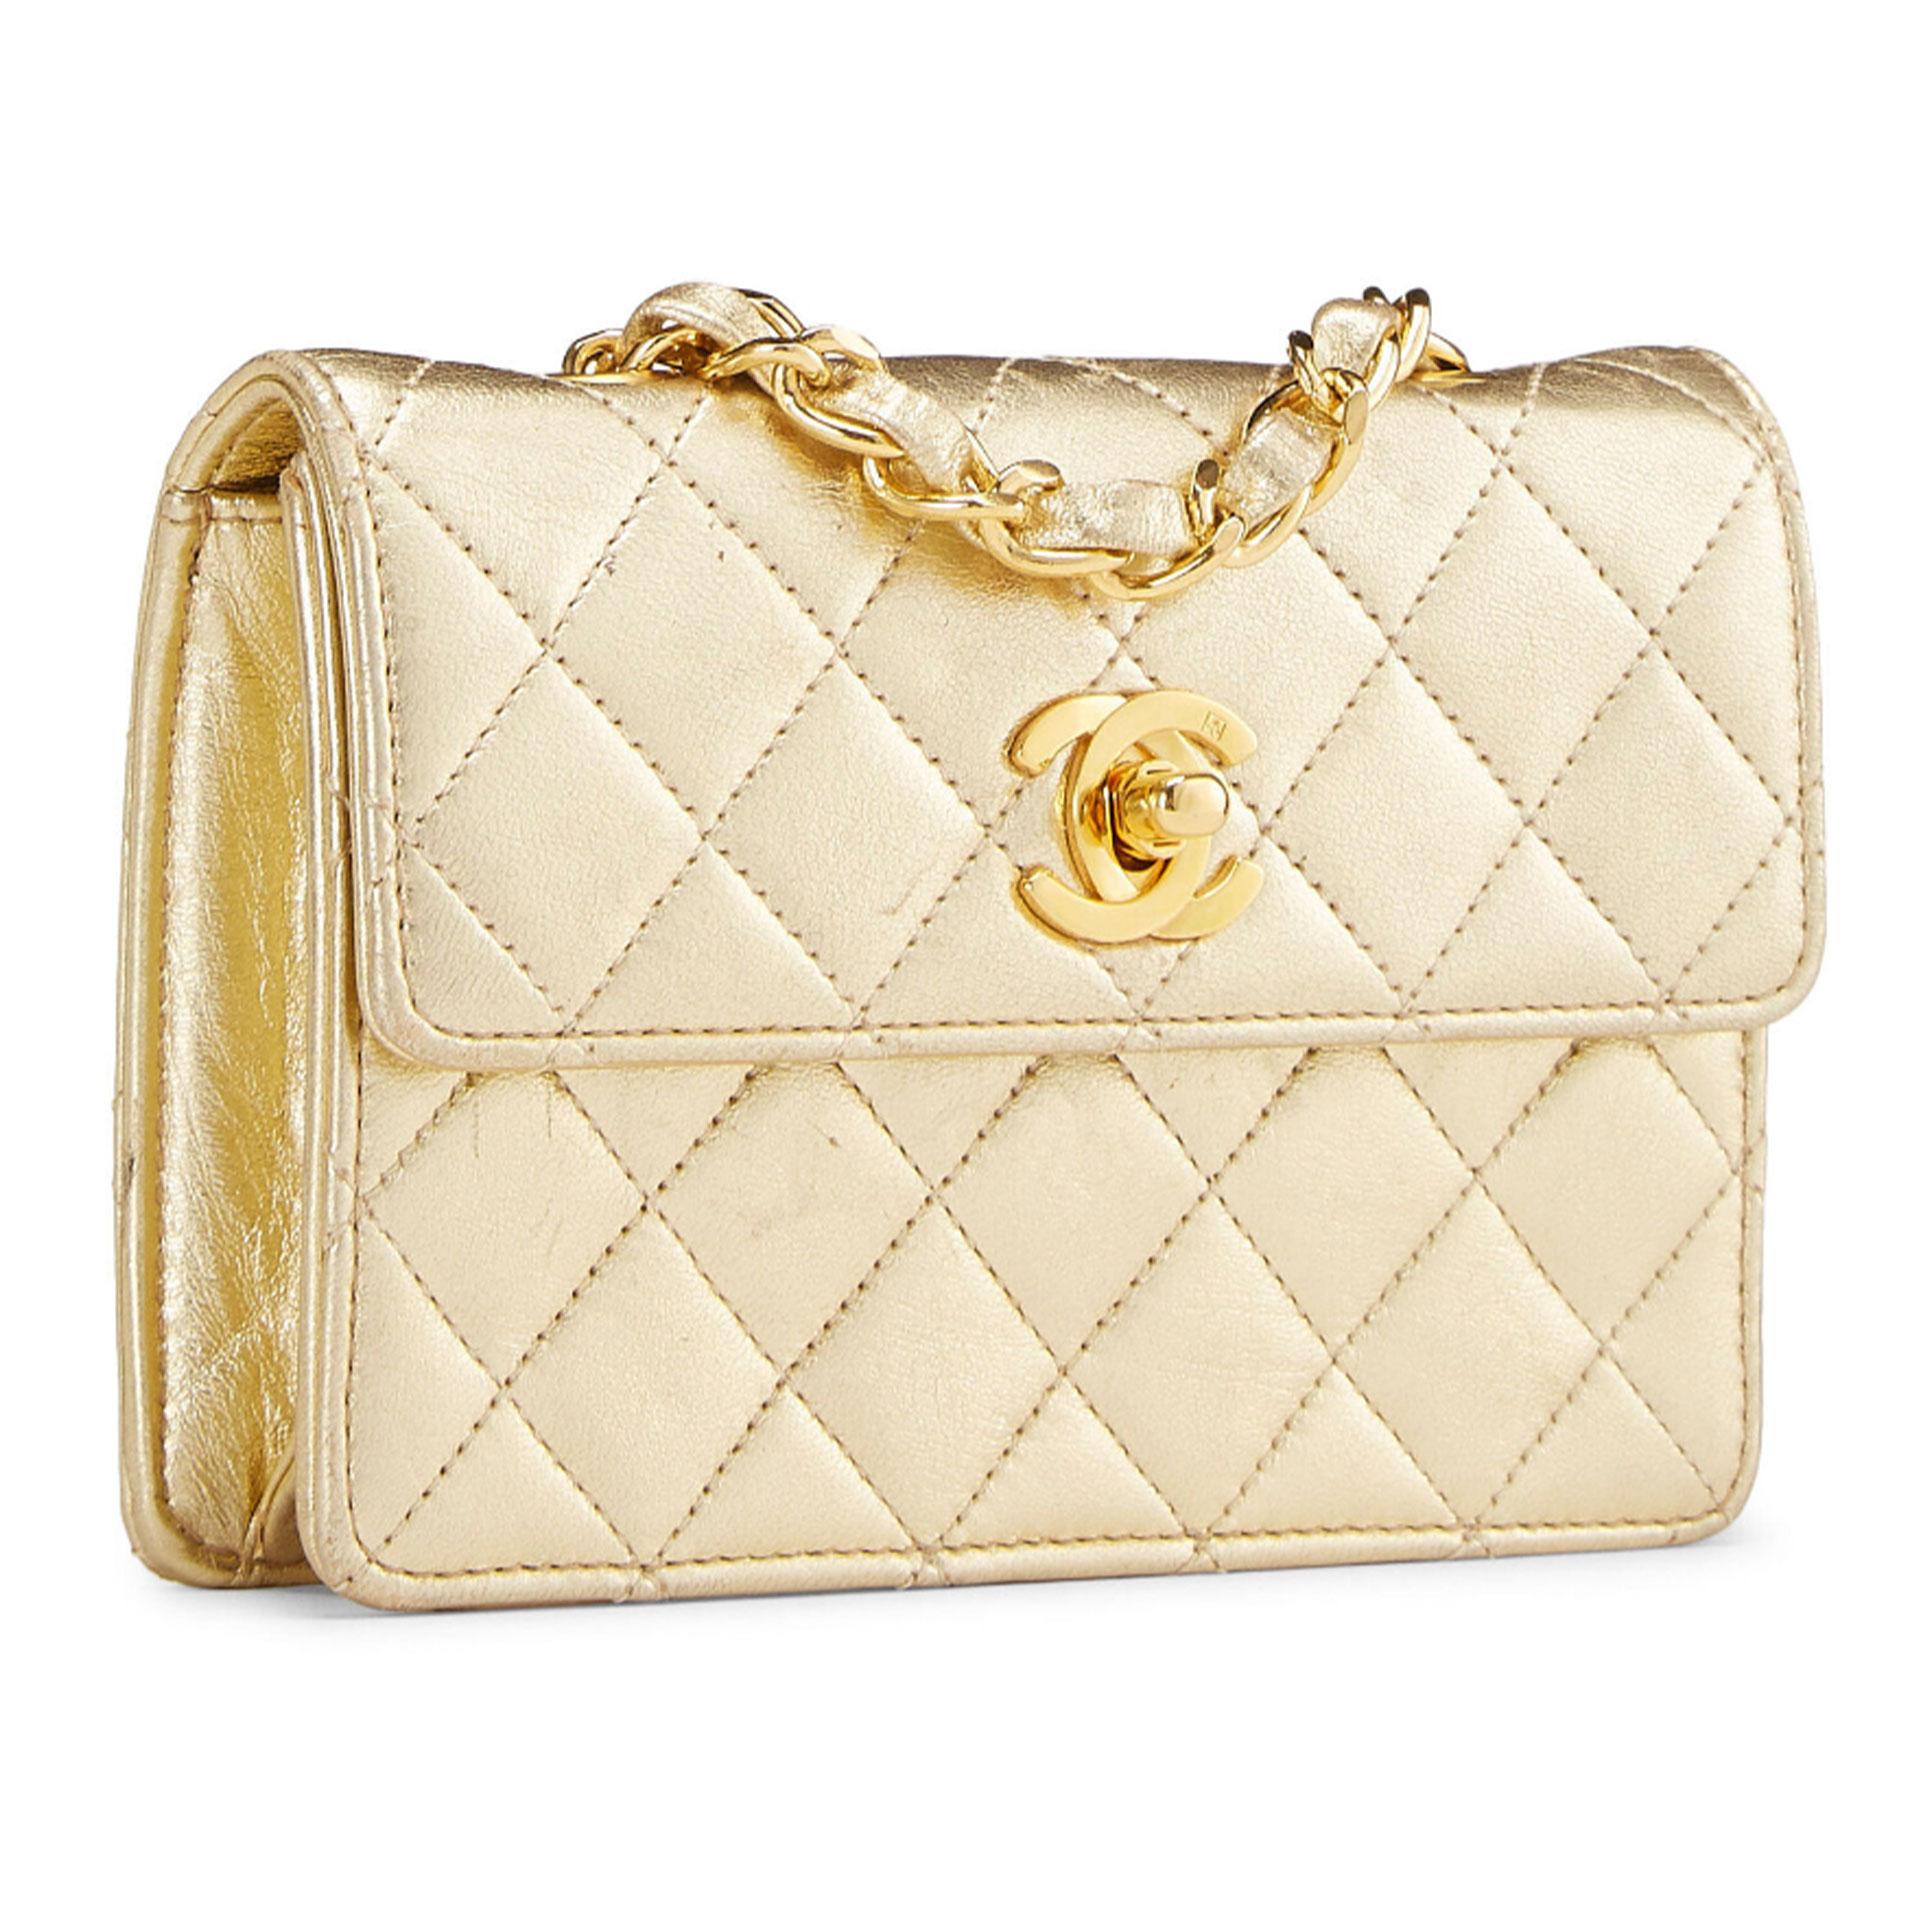 Chanel Vintage 80's Micro Mini Metallic Gold Quilted Lambskin Flap Bag

Chain-link And Leather Strap
CC Turnlock Closure
Lambskin Leather
Leather Lining
Gold Hardware

Made in France
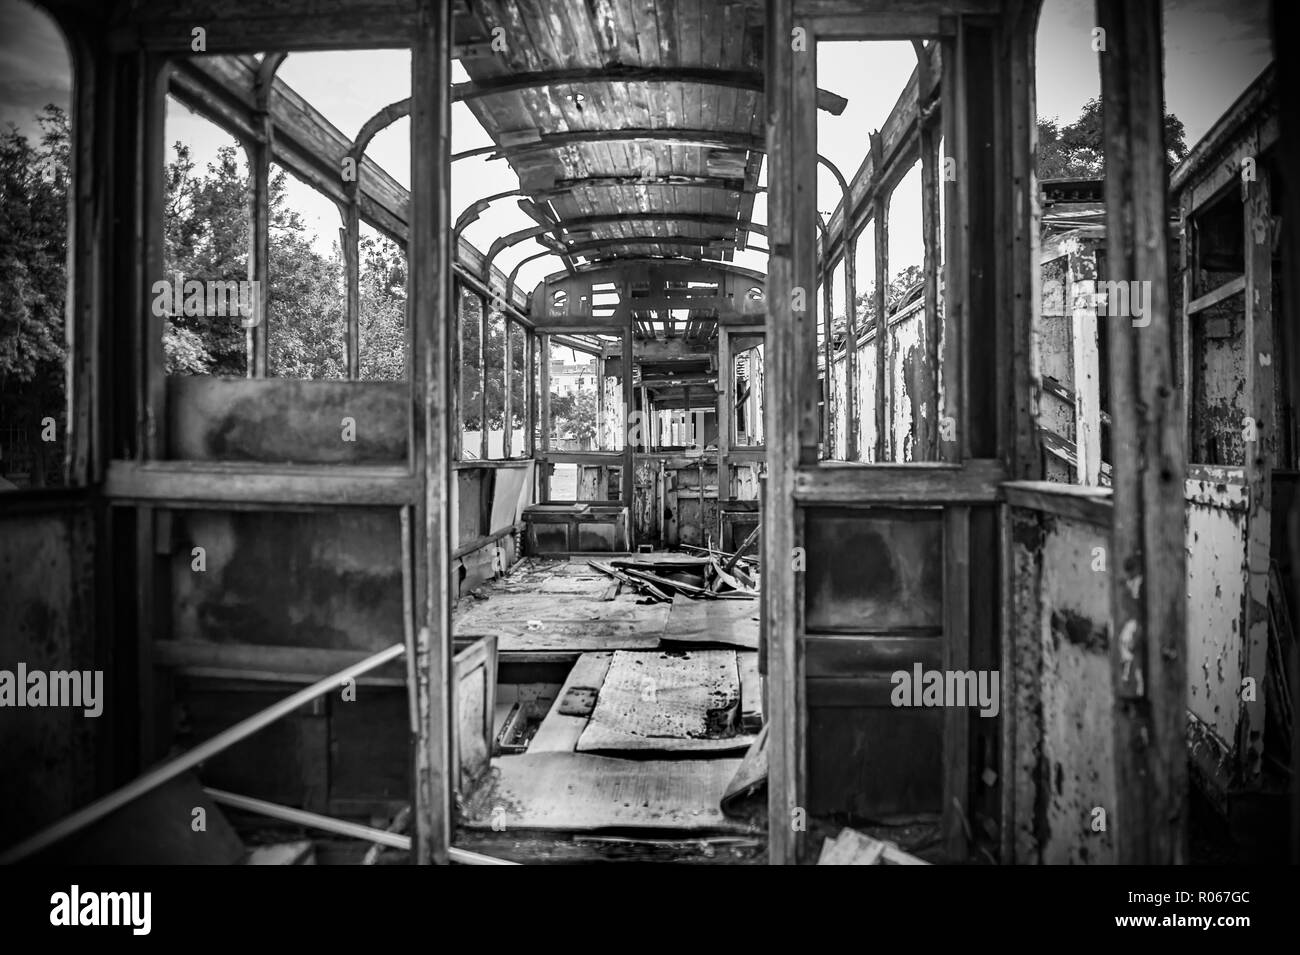 Abandoned and derelict trams in the city of Wroclaw, Poland. Stock Photo
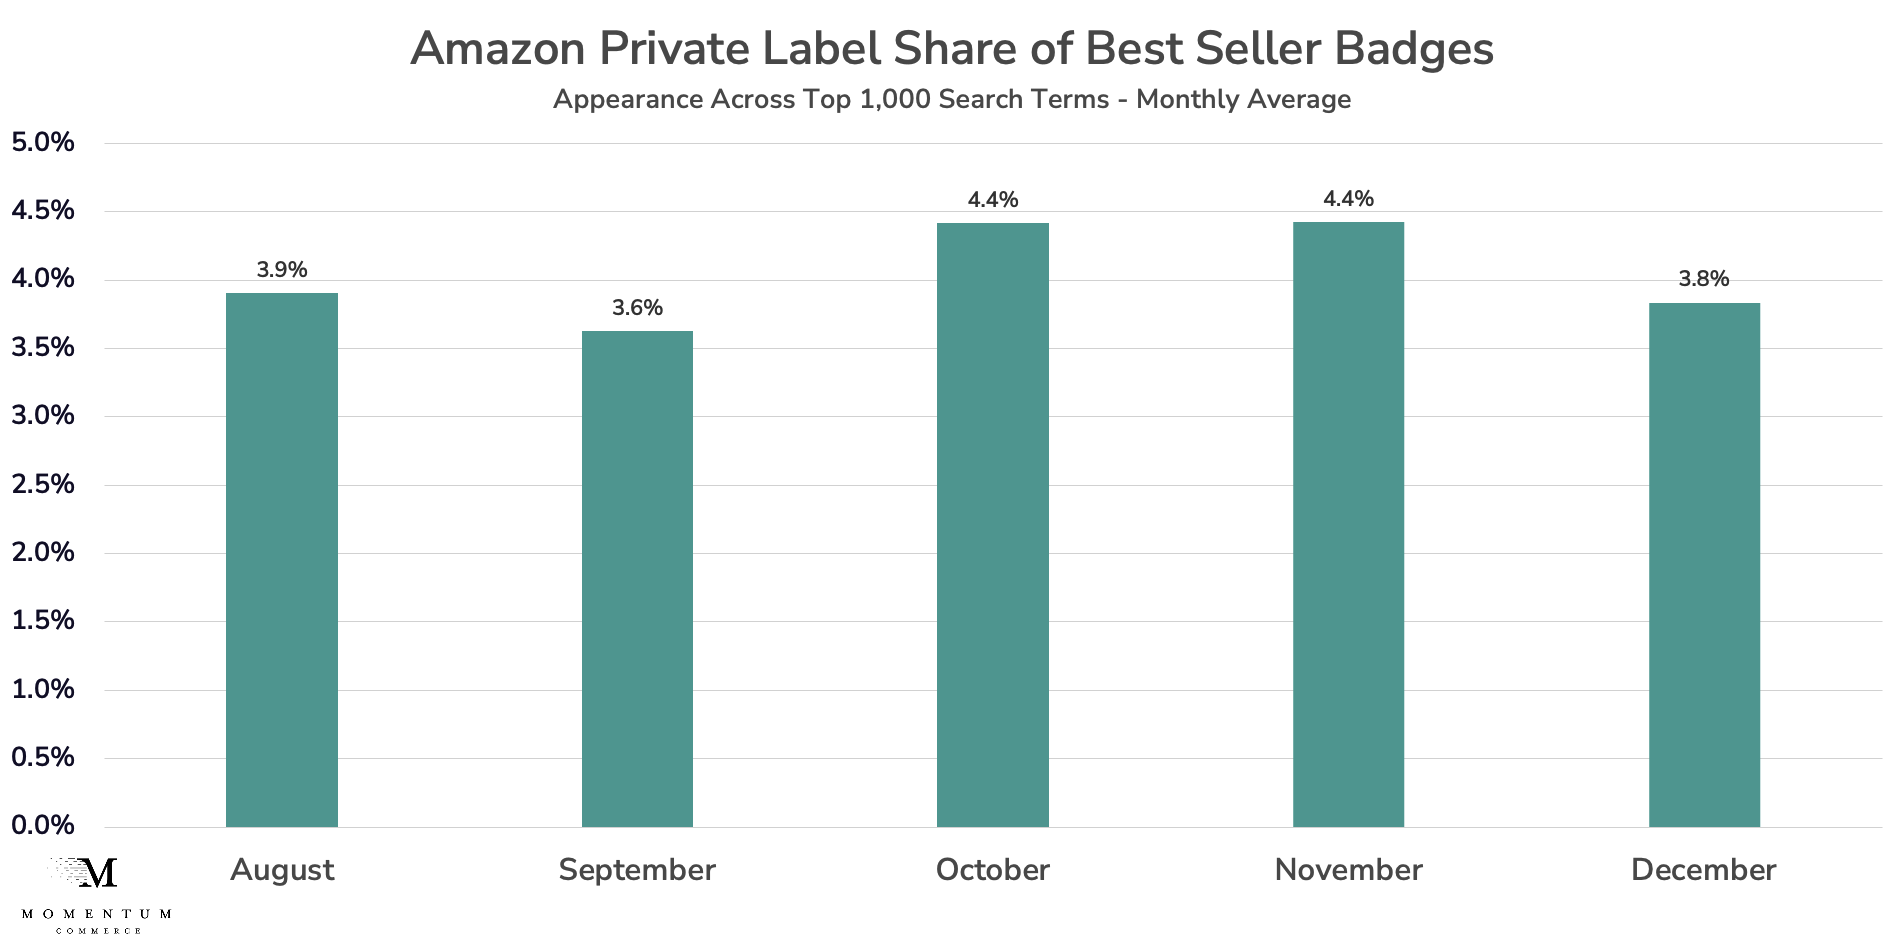 Amazon Private Label Share of Best Seller Badges
+-------+
== Directions ==
When you retype the listing, keep every line exactly as it is and drop the pictures.

== Answer area ==
 Chanel Vintage 80's Micro Mini Metallic Gold Quilted Lambskin Flap Bag

Chain-link And Leather Strap
CC Turnlock Closure
Lambskin Leather
Leather Lining
Gold Hardware

Made in France
 Abandoned and derelict trams in the city of Wroclaw, Poland. Stock Photo
 Amazon Private Label Share of Best Seller Badges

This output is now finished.